You're probably right for those that really want the edge.

But even for me, that all my desktop does it game now; even if I thought about Intel I'd probably buy the 10700k which is 409 at microcenter. But then I look at the 3800x next to it for 309, and for me, for the extra $100, I'm not worried about 20 extra FPS. But that's just me at nearly 40. Maybe at 28 I would have thought differently.
Yes - if you're looking for cost effective Intel high end gaming solutions, the 10700k is pretty good or if you can find a cheap 9990k and overclock it that can be works pretty well also. Take the money you save and invest it in a high end 2080ti.... You can't expect the 10900k to be cost-effective, those top-end CPU's are the ones Intel used to make for "bragging rights" as the best overall CPU's, except that approach doesn't work quite as well nowadays. But yeah, the 10700k works.
 
And why would ANYONE mind if a CPU is made with caveman tech or today's tech if the "ancient one" is still outperforming the newer one? So when your game, photoshop, etc...are delivering less performance on the fancy 7nm(ish) AMD CPU, does it make you feel better that you can say, "but at least is not ancient tech".??? I don't care if AMD goes to 1nm to 100nm...if their performance is not able to match/beat Intel for what I NEED, then it has zero importance which tech is newer. Considering even at 7nm they still cannot beat Intel with their 14nm "ancient" tech at all they should be able to, when intel hits 10nm or 7nm, it will be a scary day for AMD ;)
And as far as the 10900 not being best in class, or for pure gamers, that is just silly. So is AMD JUST for blenders? Because apparently every AMD user now is a 100%3d renderer these days... lol
I agree with you at a tactical level. When the 9900k came out, it was "the best CPU" you could buy in that general class, damn the price. And yes, it made sense to buy it for that. So if you had money back in 2018 and wanted the best CPU, it absolutely made sense to get the Intel i9-9900k.

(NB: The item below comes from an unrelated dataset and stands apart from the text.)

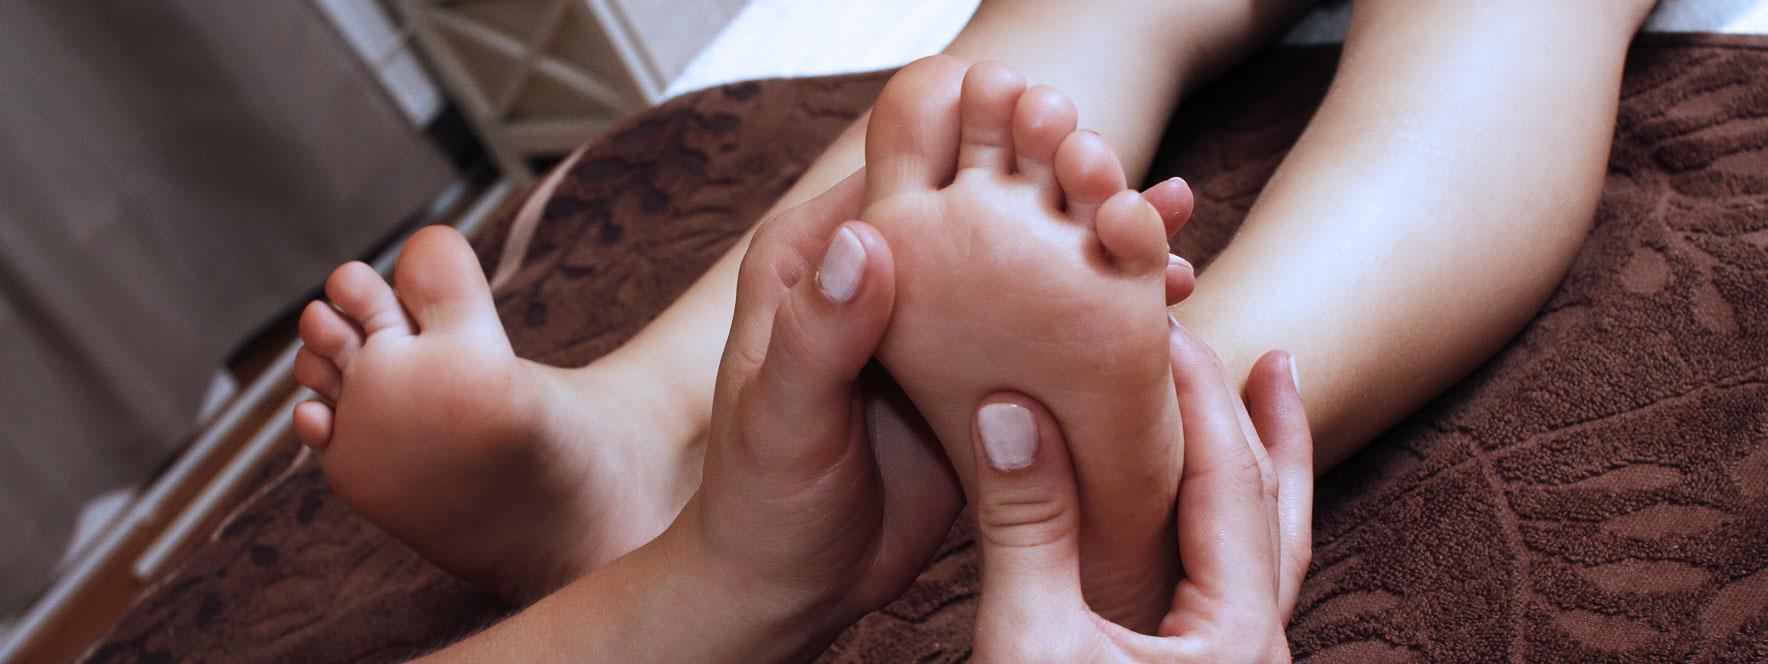 Un enfant reçoit un soin en massothérapie

But the 10900k cannot claim the same. But I will agree with you that it's the "best for gaming".
 
I agree with you at a tactical level. When the 9900k came out, it was "the best CPU" you could buy in that general class, damn the price. And yes, it made sense to buy it for that. So if you had money back in 2018 and wanted the best CPU, it absolutely made sense to get the Intel i9-9900k.

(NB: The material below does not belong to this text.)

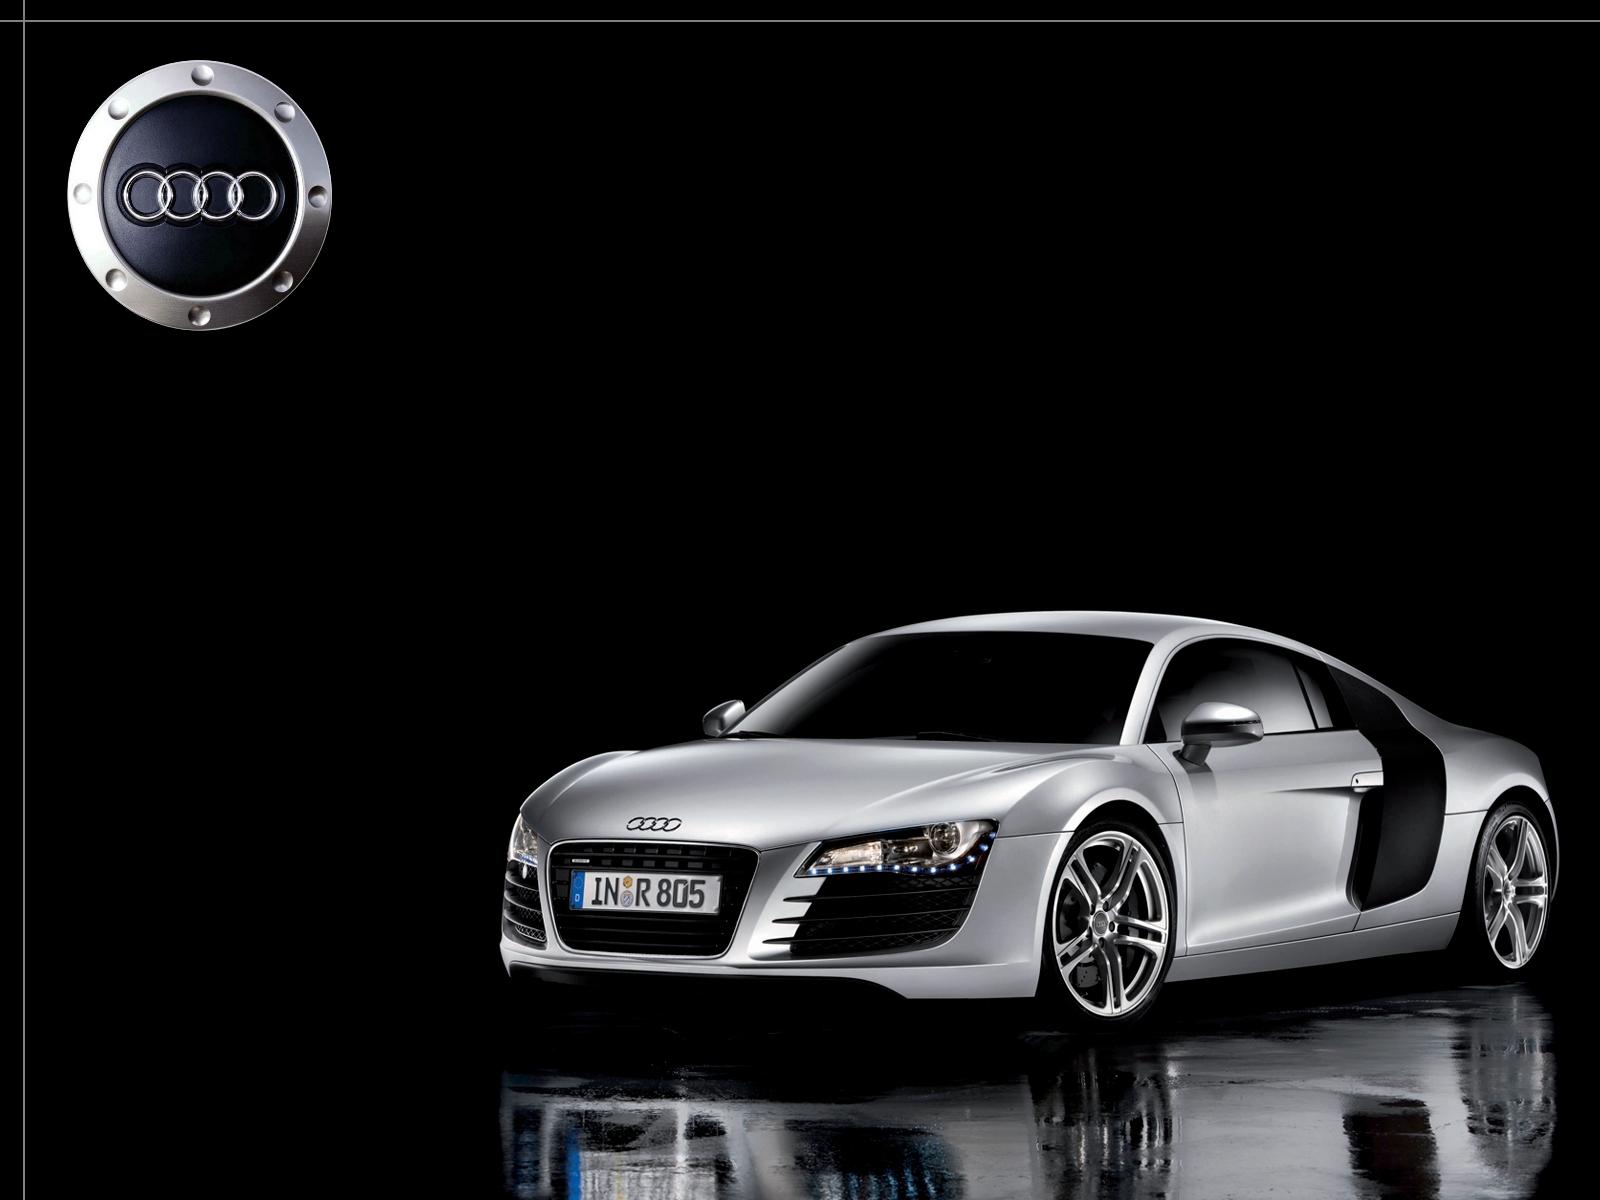 http://1.bp.blogspot.com/-3AhNTDCu9NU/T6mjrOUd0hI/AAAAAAAAKIk/W-e7O6erXRA/s1600/Audi_R8_Wallpaper_Ads.jpg

But the 10900k cannot claim the same. But I will agree with you that it's the "best for gaming".
Also best for Photoshop, so is not ONLY gaming, there are other apps, that is my point that you cannot just crown this or that as best overall unless the whole world suddenly uses 3d rendering and Cinebench 24/7 and I missed the memo lol
 
Ok, the "best at photoshop and gaming", lol. And yes, agree that nowadays it's not so easy to crown any one CPU as the best overall. And that's the market the 10900k has come out in hence this thread where things aren't so black and white. A couple of years ago it was easy: the top Intel was always going to be the "best CPU" (if you ignore price). Competition is good.
 
Ok, the "best at photoshop and gaming", lol. And yes, agree that nowadays it's not so easy to crown any one CPU as the best overall. And that's the market the 10900k has come out in hence this thread where things aren't so black and white. A couple of years ago it was easy: the top Intel was always going to be the "best CPU" (if you ignore price). Competition is good.
Competition is good indeed. The 10900k would have been over $1000 without AMD where they are today, or close to it.
 
Competition is good indeed. The 10900k would have been over $1000 without AMD where they are today, or close to it.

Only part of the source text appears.